**DATASET EXTRACT:**
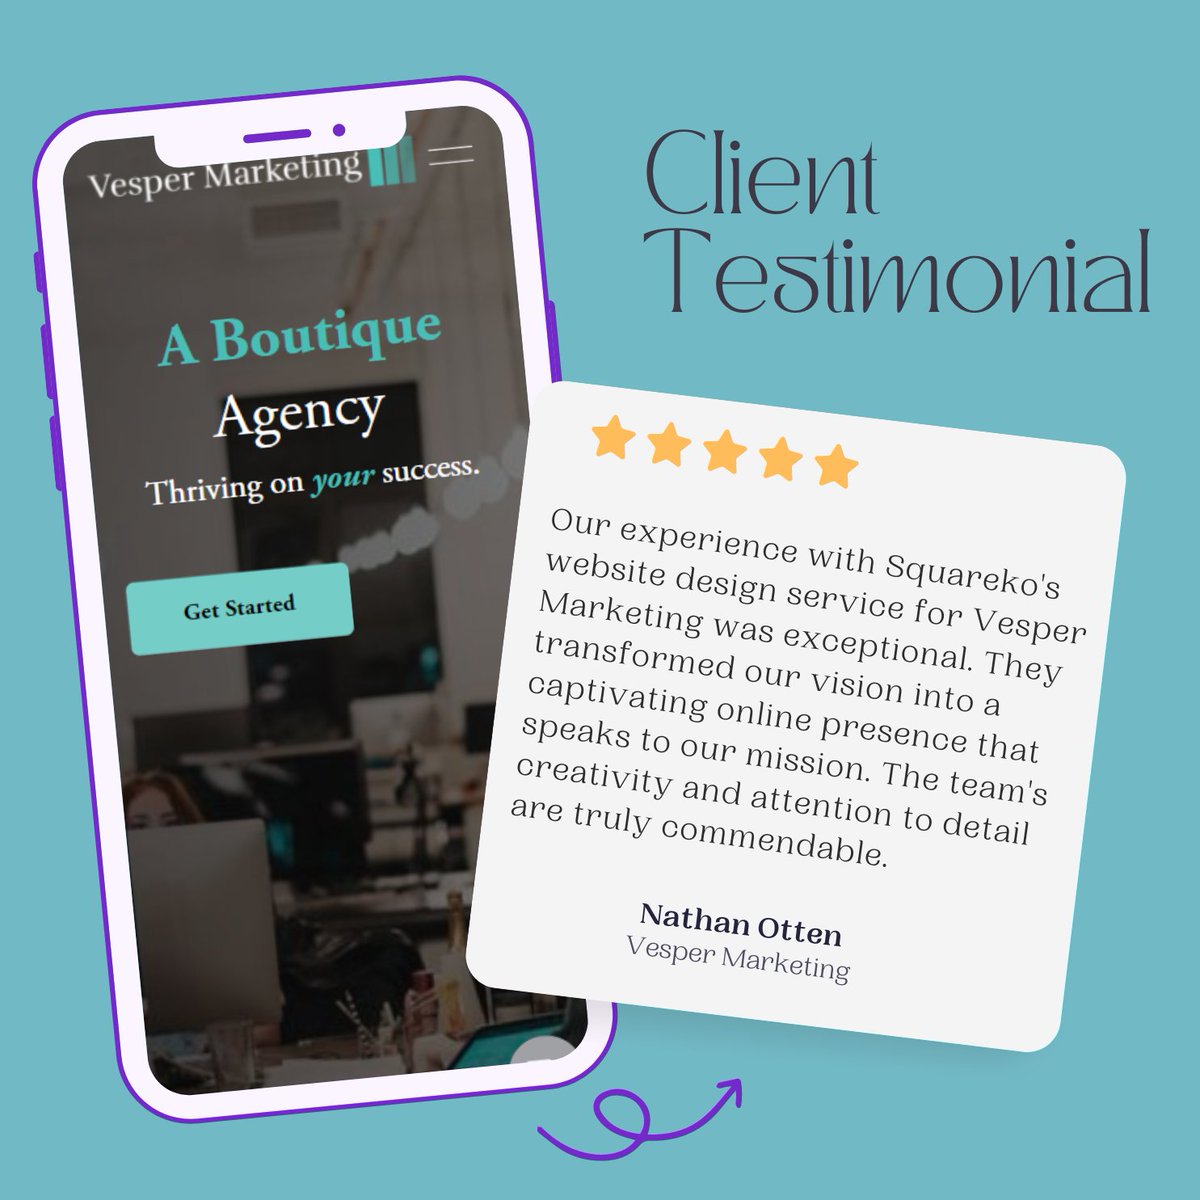 We've just finished working on the 'Vesper Marketing' website, and it's been great to see positive feedback from the founder, Nathan Otten. We appreciate the trust you've placed in us for your project.
#Squarespace #CustomSquarespaceWebsite #Clienttestimonial #AgencyWebsite
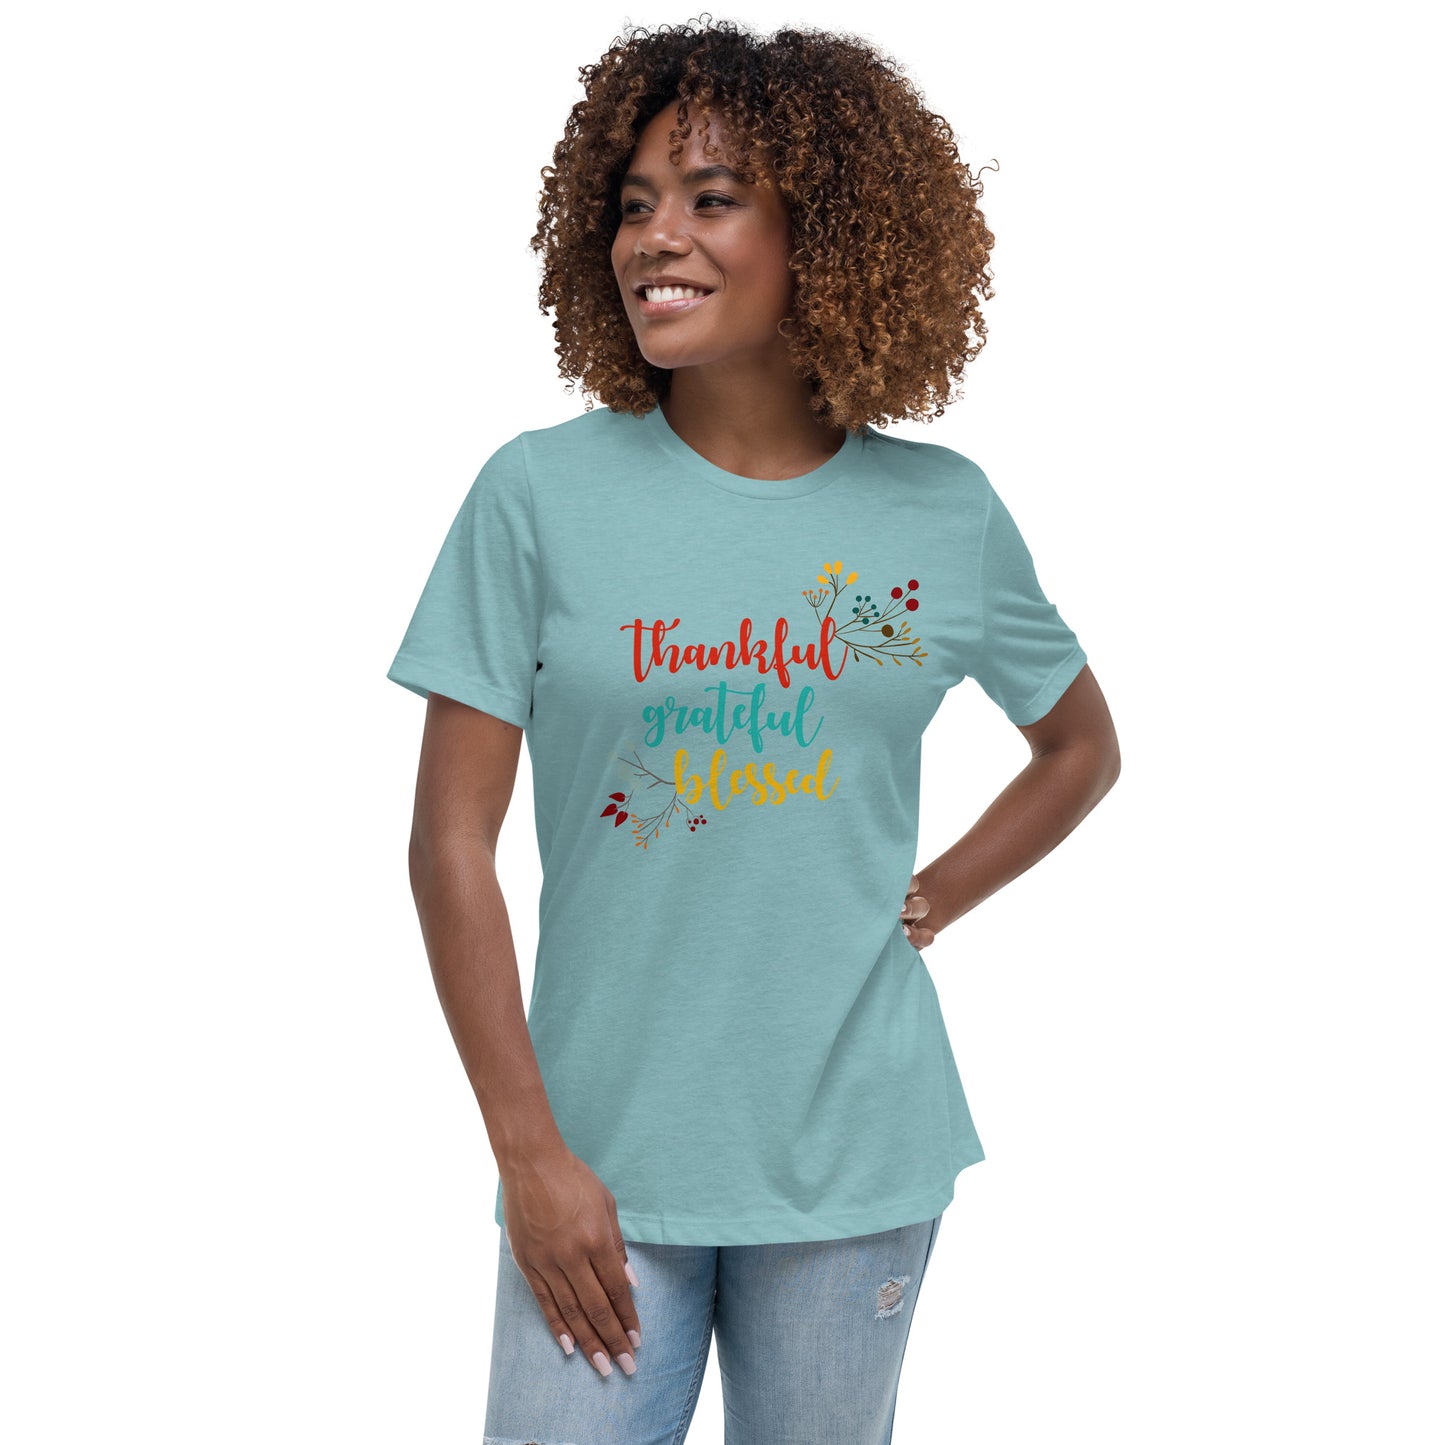 Thankful Grateful Blessed Women's Relaxed T-Shirt
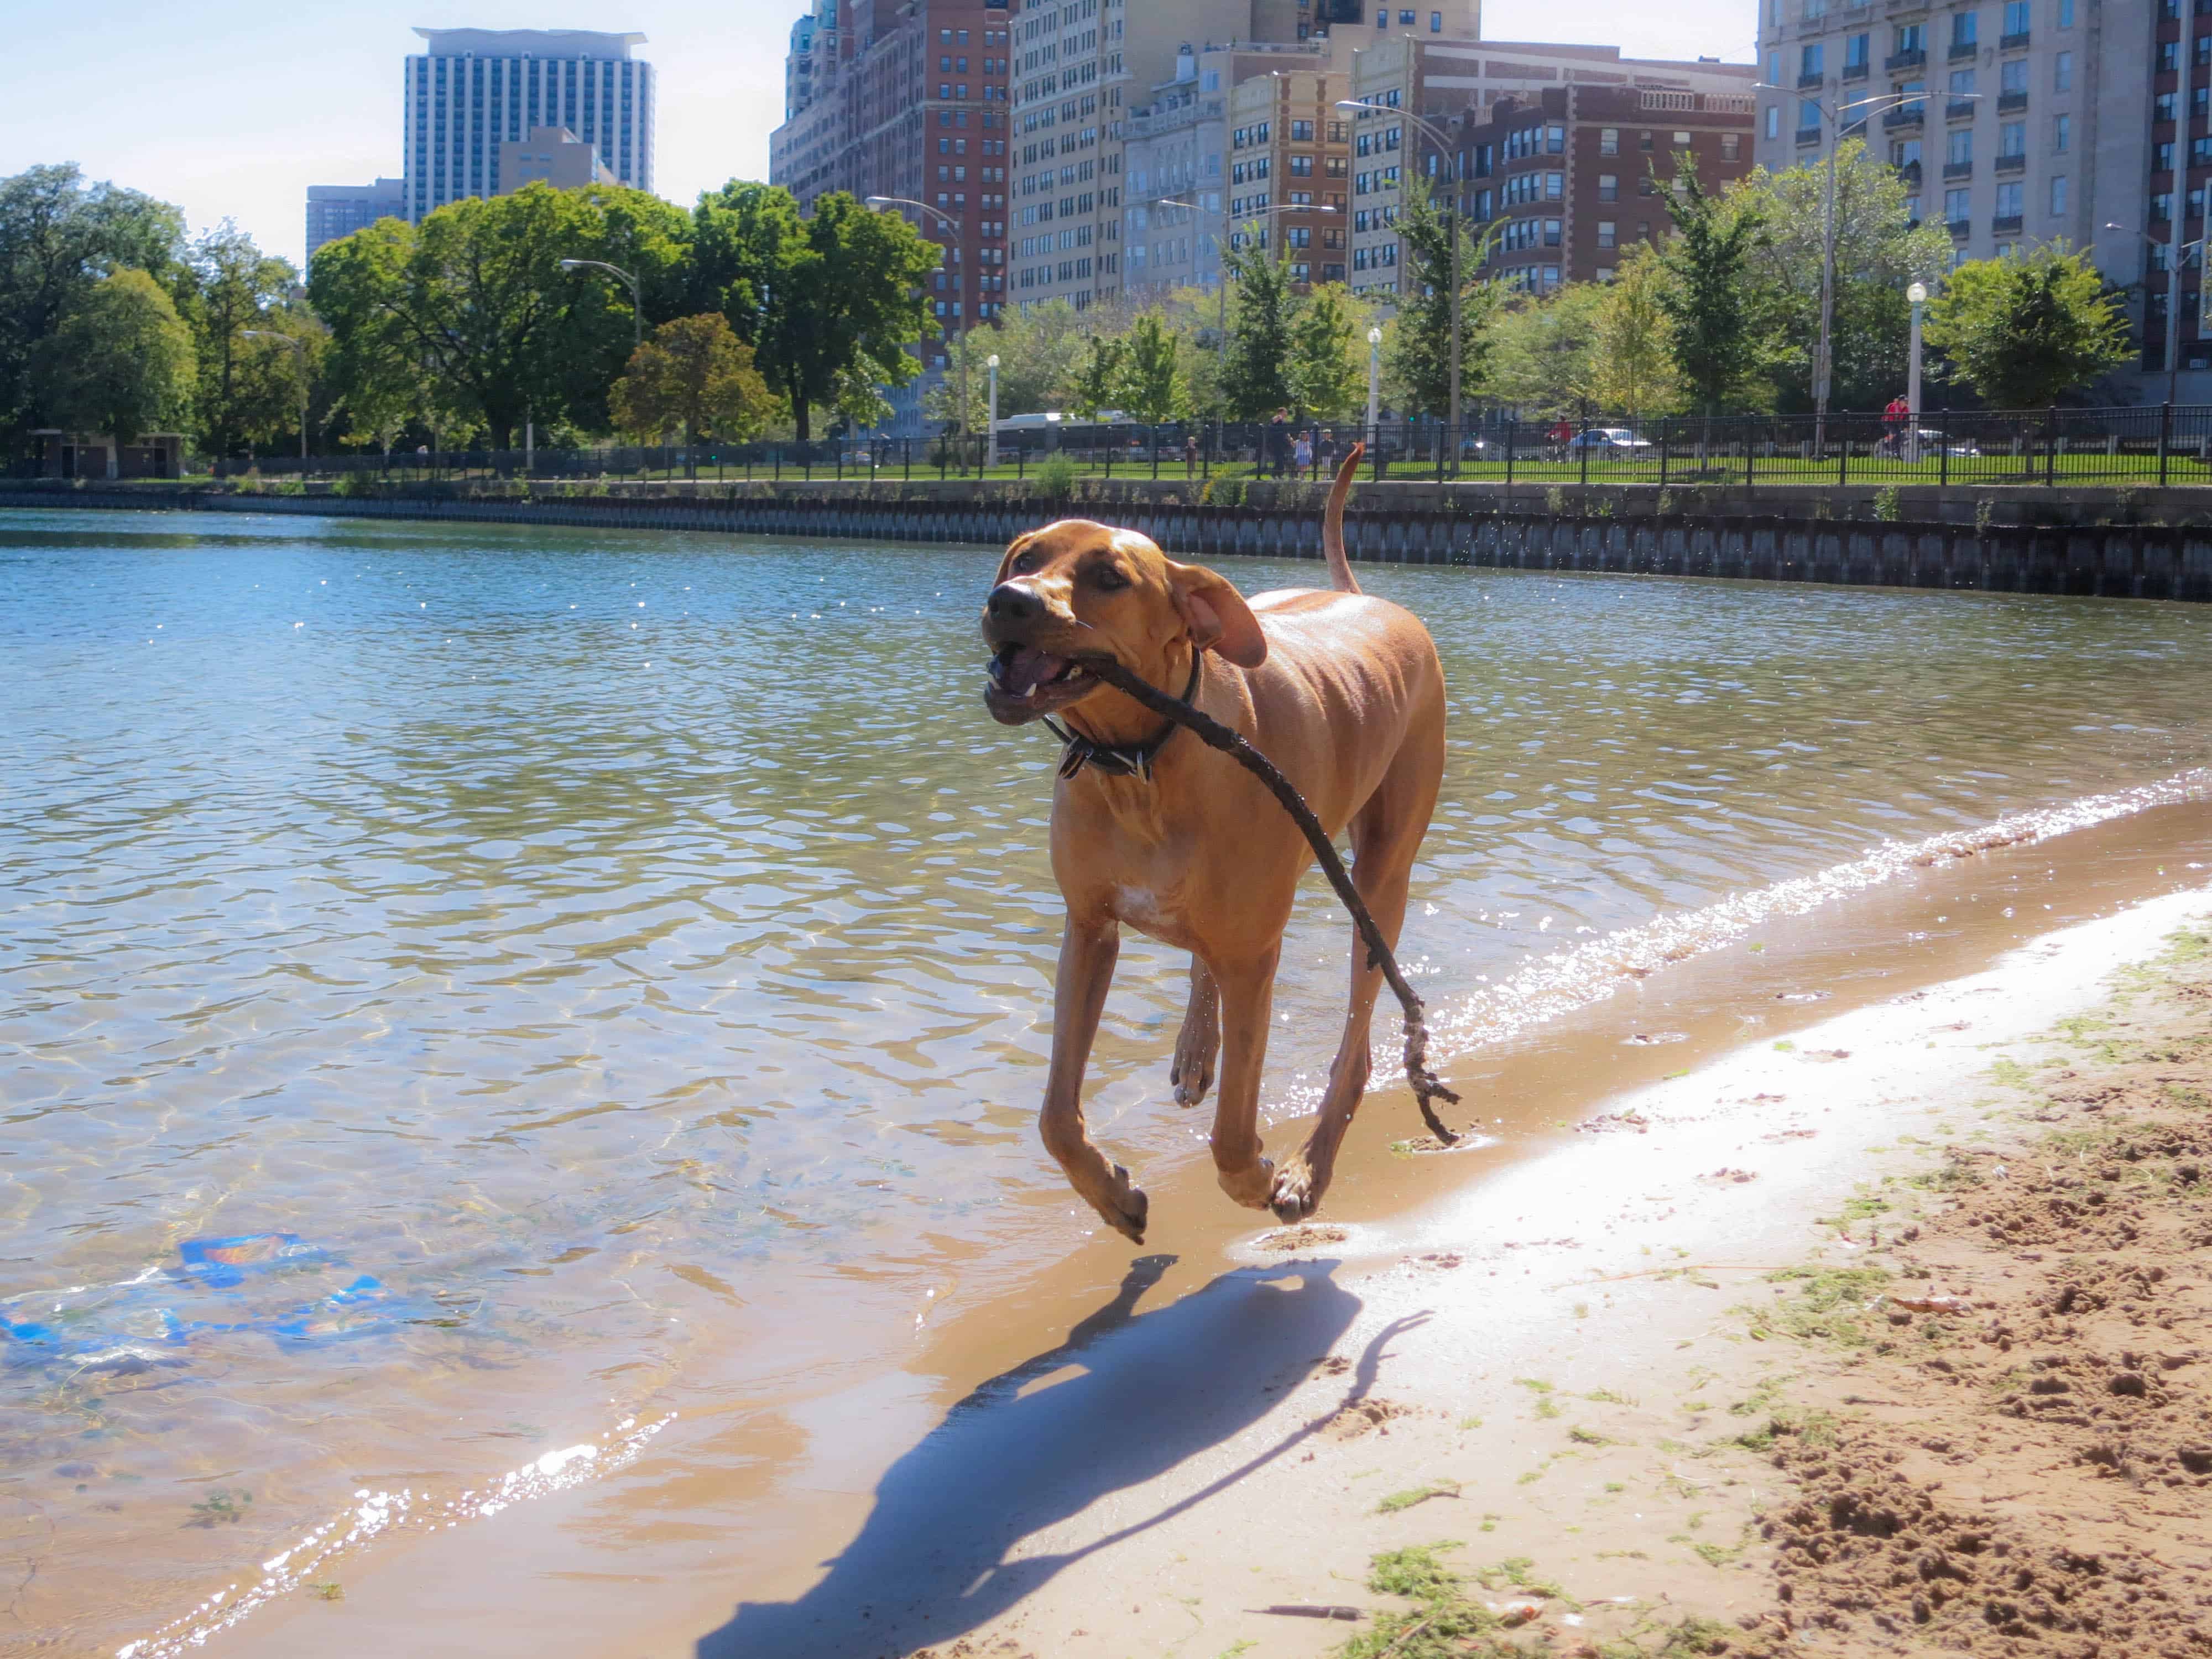 Rhodesian Ridgeback, adventure, marking our territory, dogs, petcentric

**YOUR OBJECTIVE:** Please copy out the whole listing exactly as it stands, minus the pictures.

**OUTPUT FOR THIS TASK:**
 We've just finished working on the 'Vesper Marketing' website, and it's been great to see positive feedback from the founder, Nathan Otten. We appreciate the trust you've placed in us for your project.
#Squarespace #CustomSquarespaceWebsite #Clienttestimonial #AgencyWebsite
 Thankful Grateful Blessed Women's Relaxed T-Shirt
 Rhodesian Ridgeback, adventure, marking our territory, dogs, petcentric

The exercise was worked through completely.